Isaiah 11:3 says, "...and he will delight in the fear of the Lord. He will not judge by what he sees with his eyes, or decide by what he hears with his ears." I think we assume this is referring to Jesus, but even if somehow it were not, we know this is a good guy because he delights in the fear of the Lord. That = the right thing to do.

Hebrews 11:27 is talking about Moses leaving Egypt and it says, "...he persevered, because he saw him who is invisible."

As an ENFP, a big thing about me is my passion for possibilities. I tend to see things as they could be, and get really excited about what is not, but what could be. As I've been visiting many of the rooms of Fischer and some in Mac for my summer job, I really see this. My eyes see that each room is blank, stripped completely bare, but my mind sees adorable room setups and unlimited potential. I wish I had lived in a triple anywhere because they are so cute, but more specifically, I wish I had been a boy so I could have lived in one of the triples on the end of the east wing of Fischer, or on T7, where you can see everything from up high and it's beautiful. I wish I had lived in Mac seven times so I could try out each of the different kinds of rooms and each different possible view from the windows, which are all shapes and sizes and look out over different buildings in different directions. Don't get me started on Williston.

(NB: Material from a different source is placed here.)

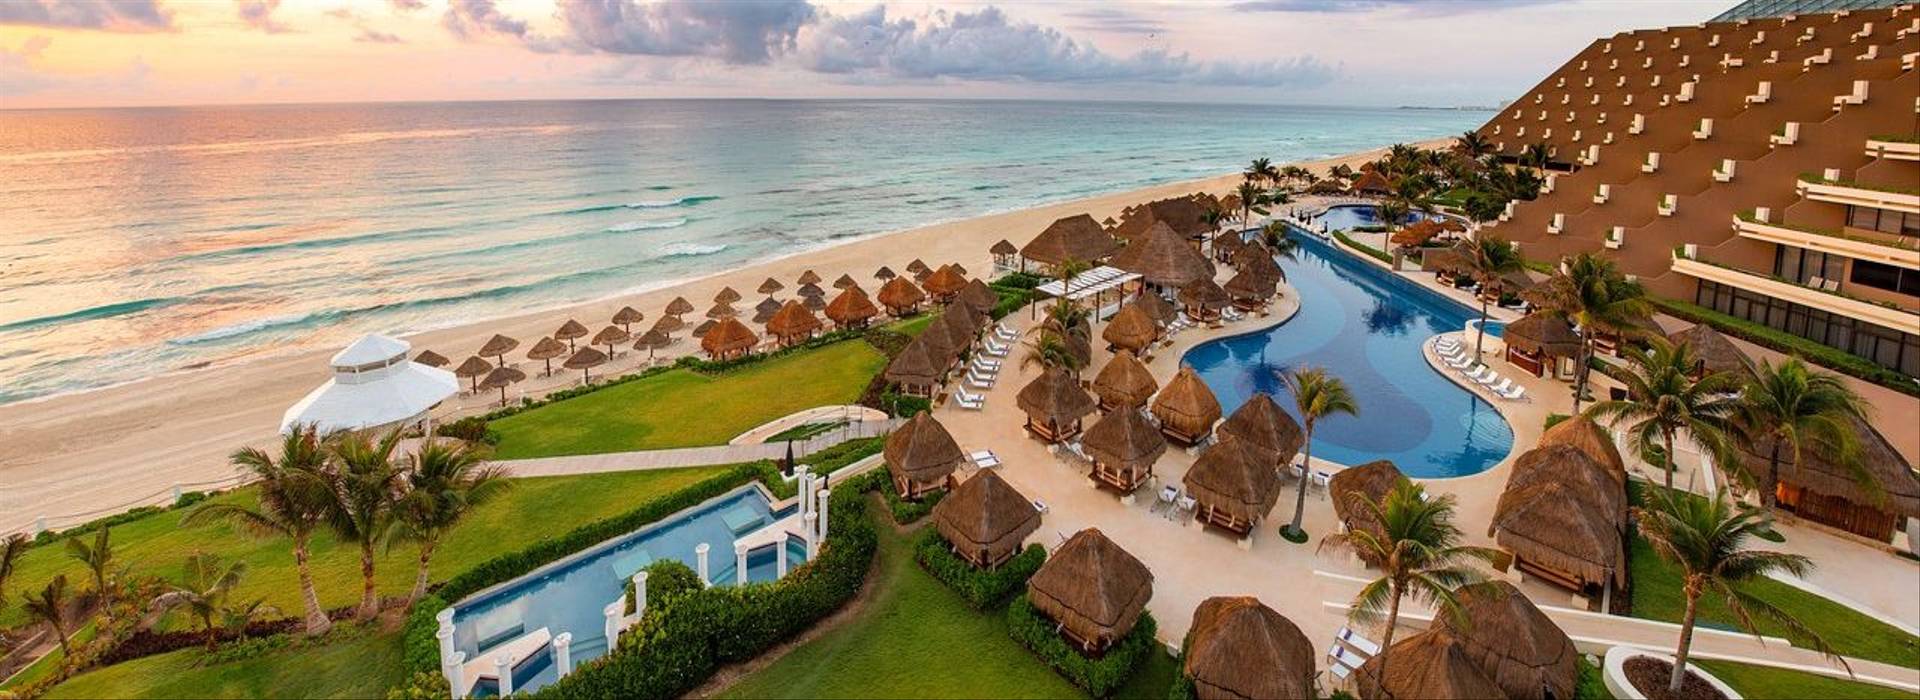 Meliá-Hotels-Paradisus-Cancun-Royal-Service-Area.jpg

I think a person misses a lot of life, and a lot of what's important, when they don't acknowledge the unseen. I do need to be clear and say that the "unseen but real" is not exactly the same thing as "the possible," but they do overlap.

The Bible teaches us that the wise person is the person who does not make decisions based on present circumstances, which flare away like dry paper in a fire, but instead makes their decisions based on God, who is changeless and everlastingly loving. We're allowed to dream big because of God; he always dreams bigger anyway.

I don't always see my dreams come to fruition, but as cheesy as it sounds, I honestly believe that's because God's dreams are bigger/more awesome than mine, and it's His that I get to live out instead whenever I am willing to let mine go.

I'm pleased that wisdom means seeing beyond what's visible, sometimes even beyond what's really there. I can't help but do that already. Too bad there is more to wisdom than that.

One more thing:

"If you treat an individual how he is, he will remain how he is. But if you treat him as if he were what he ought to be and could be, he will become what he ought to be and could be." -Johann Wolfgang von Goeth

I don't know where this quote is from, but I think Mr. von Goeth is right, and furthermore, I think this can apply to all kinds of things, even whole situations. This is kind of the whole deal with faith, right? Believing for something brings it into being. We've all seen too many examples of this idea seeming to fail to believe the power of believing is limitless. But I think it should be and maybe can be.